Relação hierárquica?
Conduta de Tício se enquadra?
Importunação sexual (art. 215-A)
Ato libidinoso sem anuência, para satisfazer lascívia
Não exige
Não exige
Sim
Violação sexual mediante fraude (art. 215)
Fraude que impeça/dificulte a livre manifestação de vontade
Não exige
Não exige
Não (sem fraude)
Atentado violento ao pudor (art. 214, revogado)
Ato libidinoso diverso da conjunção carnal
Exigia
Não exigia
Não (crime revogado)
Assédio sexual (art. 216-A)
Constranger com intuito de obter vantagem ou favorecimento sexual
Não exige
Exige (superior hierárquico)
Não (sem hierarquia)
Estupro (art. 213)
Conjunção carnal ou ato libidinoso
Exige
Não exige
Não (sem violência/ameaça)
Alternativa A — ❌ Incorreta
Violação sexual mediante fraude (art. 215 CP): exige que o agente utilize fraude ou outro meio que impeça ou dificulte a livre manifestação de vontade da vítima. No caso, Tício não empregou qualquer ardil ou meio fraudulento; Joana percebeu a conduta normalmente. A simples masturbação dissimulada (com o órgão escondido) não configura fraude típica do art. 215.
Alternativa B — ❌ Incorreta
Atentado violento ao pudor: esse crime foi revogado pela Lei 12.015/2009, que unificou as condutas contra a dignidade sexual. Antes, o art. 214 do CP previa o atentado violento ao pudor, mas atualmente tais condutas (atos libidinosos diversos da conjunção carnal) são absorvidas pelo crime de estupro (art. 213) quando praticadas com violência ou grave ameaça, ou pela importunação sexual quando não há violência. Como não há violência ou grave ameaça, a conduta não se subsume ao estupro e muito menos ao antigo atentado violento ao pudor.
Alternativa C — ✅ Correta ⟵ GABARITO
Importunação sexual (art. 215-A CP): "Praticar contra alguém e sem a sua anuência ato libidinoso com o objetivo de satisfazer a própria lascívia ou a de terceiro." A masturbação realizada por Tício, mesmo que dissimulada (com o órgão escondido sob a blusa), constitui ato libidinoso praticado sem o consentimento de Joana, com o confessado intuito de satisfazer sua própria lascívia. Preenche todos os elementos do tipo: ação (ato libidinoso), ausência de anuência da vítima, finalidade específica (satisfação da lascívia). Independentemente de contato físico, o crime se consuma.

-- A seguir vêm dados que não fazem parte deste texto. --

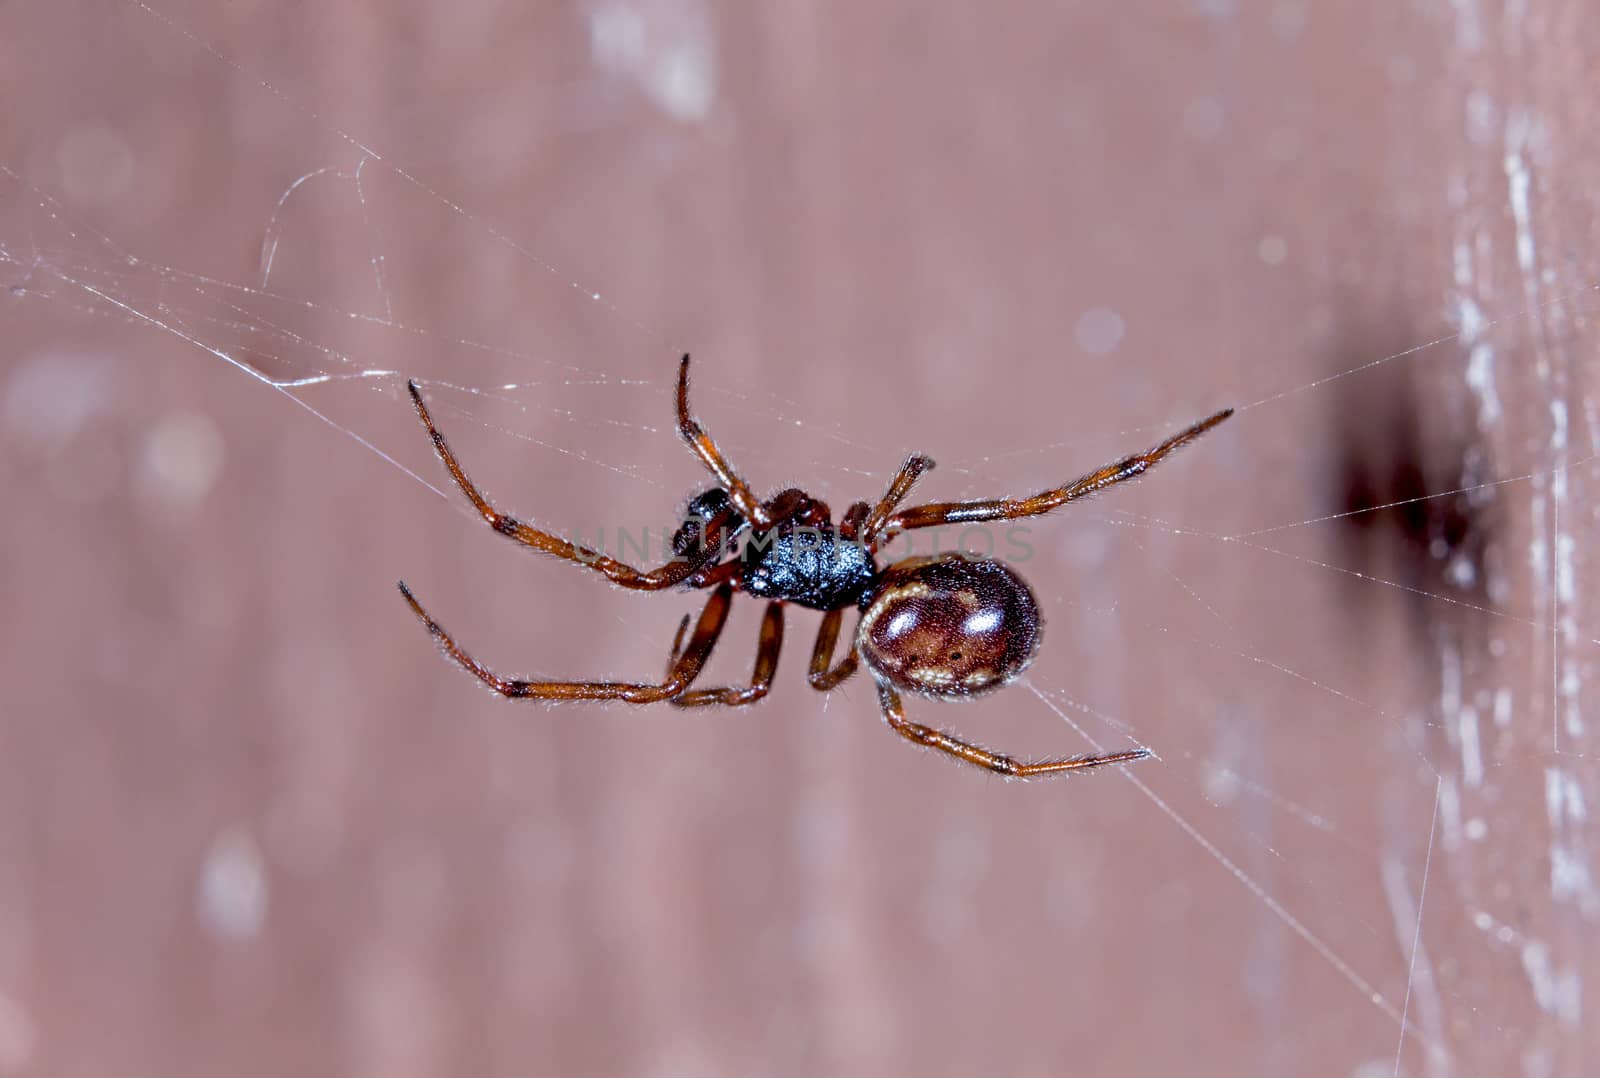 Small spider on a silk tread

Alternativa D — ❌ Incorreta
Assédio sexual (art. 216-A CP): exige que o agente se aproveite de sua condição de superior hierárquico ou ascendência inerente ao exercício de emprego, cargo ou função para constranger a vítima com o intuito de obter vantagem ou favorecimento sexual. No transporte público, não há qualquer relação de hierarquia ou ascendência entre Tício e Joana. Portanto, o crime de assédio sexual não se aplica.
Alternativa E — ❌ Incorreta
Estupro (art. 213 CP): exige que o agente constranja a vítima à conjunção carnal ou a outro ato libidinoso mediante violência ou grave ameaça. Tício não usou violência nem ameaça; sua conduta foi dissimulada e não envolveu contato físico ou coação. A simples exposição da masturbação não configura violência física ou moral apta a caracterizar o estupro.
NÃO CAIA NESSA!
A inclusão da alternativa B (atentado violento ao pudor) é uma armadilha para candidatos que não se atualizaram quanto à revogação desse crime pela Lei 12.015/2009. Também pode haver confusão entre importunação sexual e assédio sexual, mas o assédio exige relação hierárquica. Memorize os elementos de cada tipo.
Conclusão: A única alternativa que descreve corretamente a conduta de Tício é a letra C (importunação sexual). As demais ou exigem elementos ausentes (fraude, violência, hierarquia) ou são referentes a crime revogado.